У нас возникли проблемы с получением Spring Security/Kerberos/AD для работы в нашем веб-приложении. Наш диагноз заключается в том, что наш сервер AD отправляет токен NTLM (мы можем сказать, что он начинается с "TlRMTVNT....." ) в IE и IE затем отправляет это в наше приложение, и он не работает. Наш сервер AD должен отправлять токен Kerberos/SPNEGO в IE.

"движущиеся части":

• Spring Безопасность 3.0 (исправлено)
• Microsoft Windows Server Enterprise 2003 SP1 Active Directory
• IE 8
• Tomcat (TC Server 6.0)
• Java 1.6

Мы установили все, как описано в инструкциях здесь:

https://spring.io/blog/2009/09/28/spring-security-kerberos-spnego-extension

Это включает в себя:

• Создание обычного пользователя в качестве Принципа Сервиса (то же, что и имя машины, где находится наше приложение).
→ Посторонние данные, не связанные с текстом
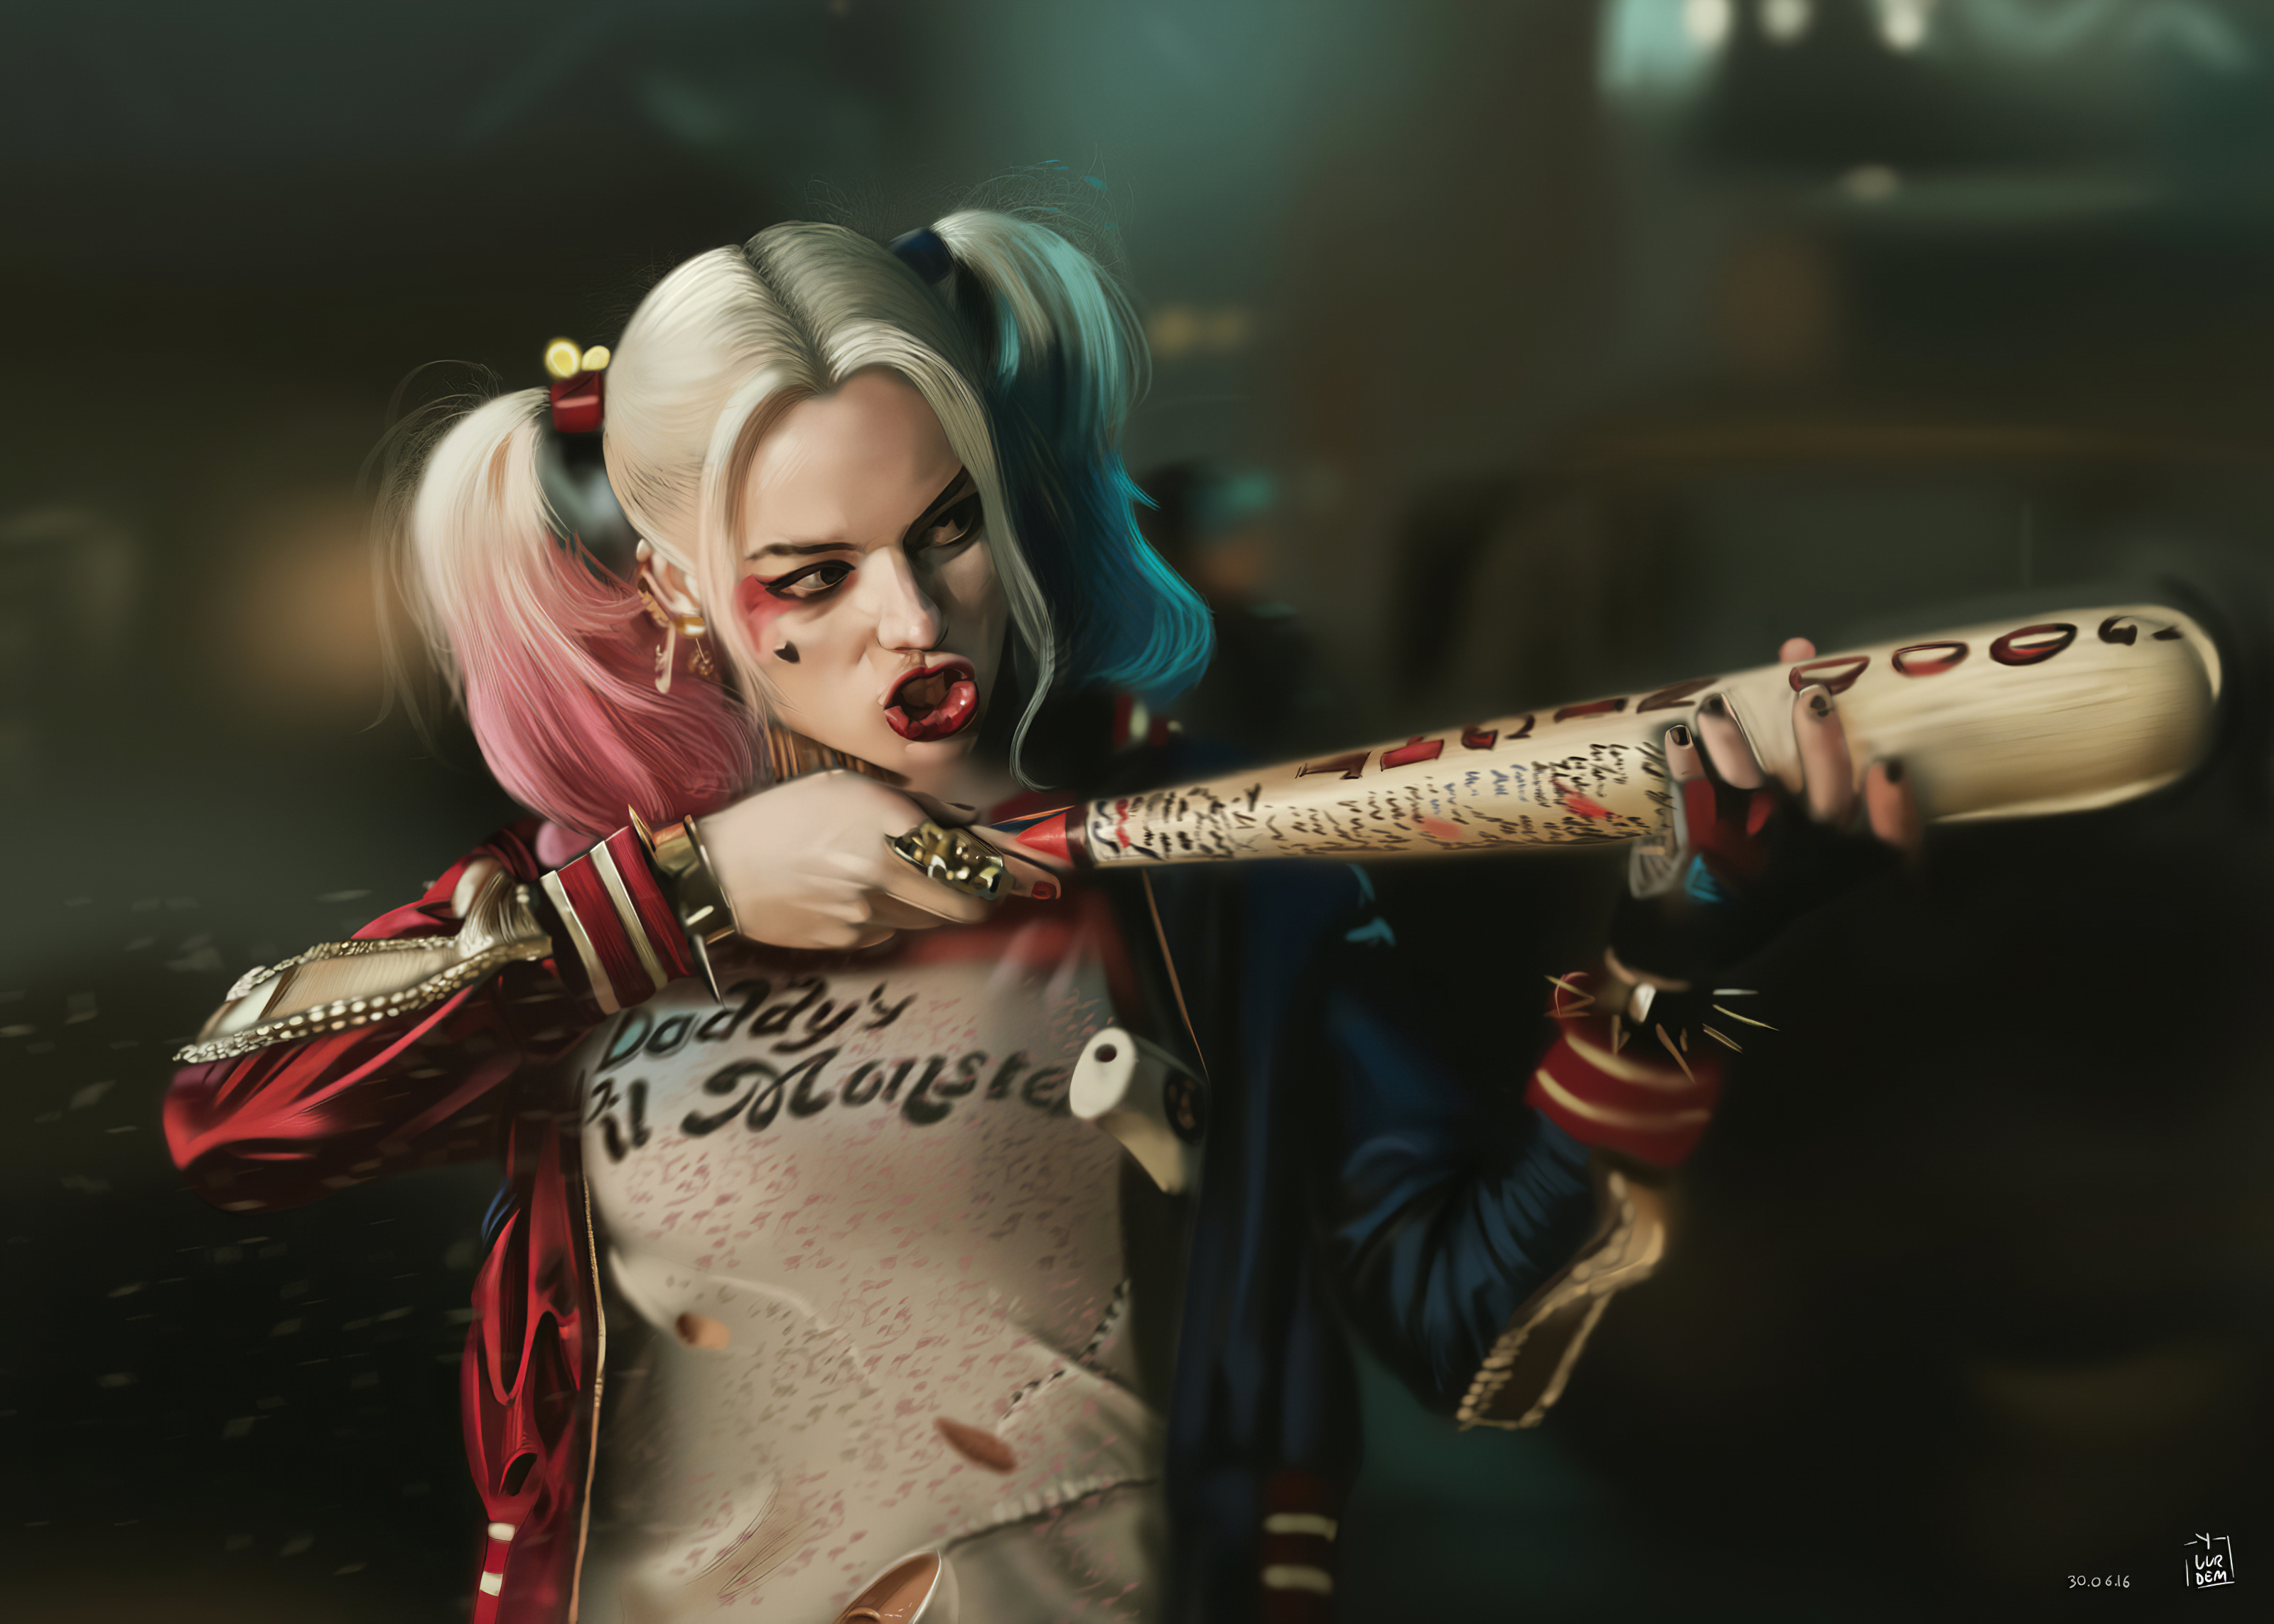 140+ Suicide Squad HD Wallpapers and Backgrounds

Мы устанавливаем следующие параметры учетной записи:
  • disabled 'Использование должно изменить пароль при следующем входе в систему
  • enabled 'password never expires'
  • enabled 'Использовать Kerberos DES...'
  • disabled 'Не требуется предварительная аутентификация Kerberos
  • ПРИМЕЧАНИЕ. Сервер 2003 не представляет "Эта учетная запись поддерживает Kerberos AES 128 бит..." и "Эта учетная запись поддерживает параметры Kerberos AES 256 бит...".
• Используется "ktpass.exe" для присвоения имени участника-службы (SPN) этому новому пользователю и экспорта этого ключа пользователя в файл keytab. с помощью 'ktpass/out ourweb.keytab/mapuser [email protected]/princ HTTP/[email protected]/pass *
• Загруженный исходный код https://src.springframework.org/svn/se-security/trunk.
• Скопировал файл keytab с сервера AD на WEB-INF/etc из исходного кода (приложения).
• Сделано изменение файла SunJaasKerbersoTicketValidator.java для чтения файла keytab. (Чтобы устранить ошибку, в которой приложение не может прочитать файл keytab из пути Java classpath) options.put( "keyTab", "C:\se-security\ spring -security-kerberos\spring -security-kerberos-sample\src\main\webapp\WEB-INF\etc\ourweb.keytab" );
• Настроить web.xml для использования spnego.xml.       contextConfigLocation       /WEB -INF/spnego.xml
  • Конфигурировано Spring Безопасность (spnego.xml) для использования Kerberos (SpnegoEntryPoint, SpnegoAuthenticationProcessingFilter и KerberosServiceAuthenticationProvider beans), предоставляя наше служебное имя и имя файла keytab.
  • Конфигурированный spnego.xml для чтения файла keytab, скопированного в WEB-INF/и т.д.                                                                                                   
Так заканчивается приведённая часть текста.